Kelleher was being modest. He simplified Southwest’s product in several crucial ways, including:

  • only point-to-point routes;
  • one class of travel;
  • no free refreshments or lounges;
  • a fleet consisting solely of Boeing 737s, which simplified maintenance, scheduling and training;
  • 10-minute turnaround at the gate;
  • utilize smaller, secondary airports, which are cheaper and faster than the main hub airports; and
  • sell direct to customers.

The system worked because low prices meant the planes were usually full and costs were pared to the bone. But behind Kelleher’s product redesign lay something even more fundamental. He automated flying, just as Henry Ford automated car-making, Ingvar Kamprad automated the furniture industry with IKEA and the McDonald brothers automated hamburgers.

European budget airlines have further simplified Kelleher’s template by co-opting customers to do some of the work, such as checking in online, carrying their own bags to the plane and ensuring they’re ready to board promptly. This creates savings that is shared between the customers themselves and the airline.

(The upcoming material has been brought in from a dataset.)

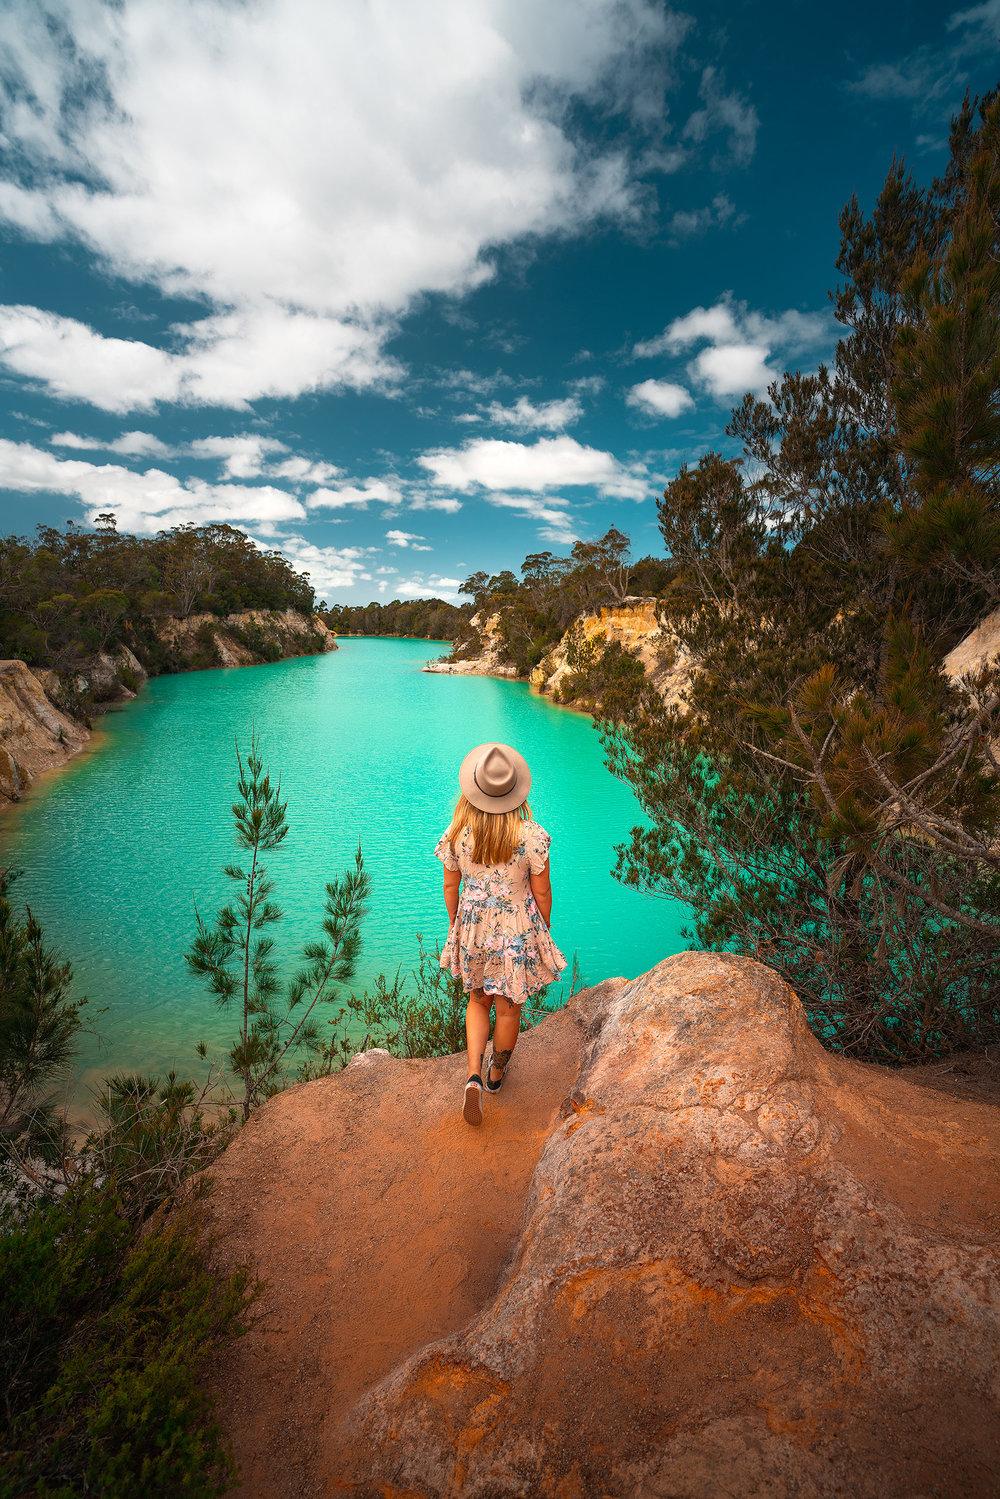 MattDonovan_Tasmania_LittleBlueLake_FB.jpg

But how do customers benefit from this efficiency savings? The obvious answer is in the price they pay: On a per-mile basis, a budget airline flight is typically less than half the price of a full-service economy (coach) equivalent and sometimes as little as a tenth. Moreover, because of fast turnaround times and the use of smaller airports, customers may also benefit from substantial time savings.

Related: How Airbnb Changed the Traditional Lodging Industry

What works for the customers also works for the budget carriers. For decades, the airline industry was notorious for losses and bankruptcies, and poor returns even for the survivors. Yet the largest budget airlines — Southwest, EasyJet and Ryanair — have all demonstrated dramatic growth in revenues, earnings per share and stock market value.

Much more important, however, is that airline simplifying has made it easier for a wide range of people to visit their friends and family. It has shrunk the globe, enhancing the experiences and increasing the sophistication of hundreds of million travelers. Finally, because flying is so much safer than driving, it may even be said that the budget airlines have saved thousands of lives.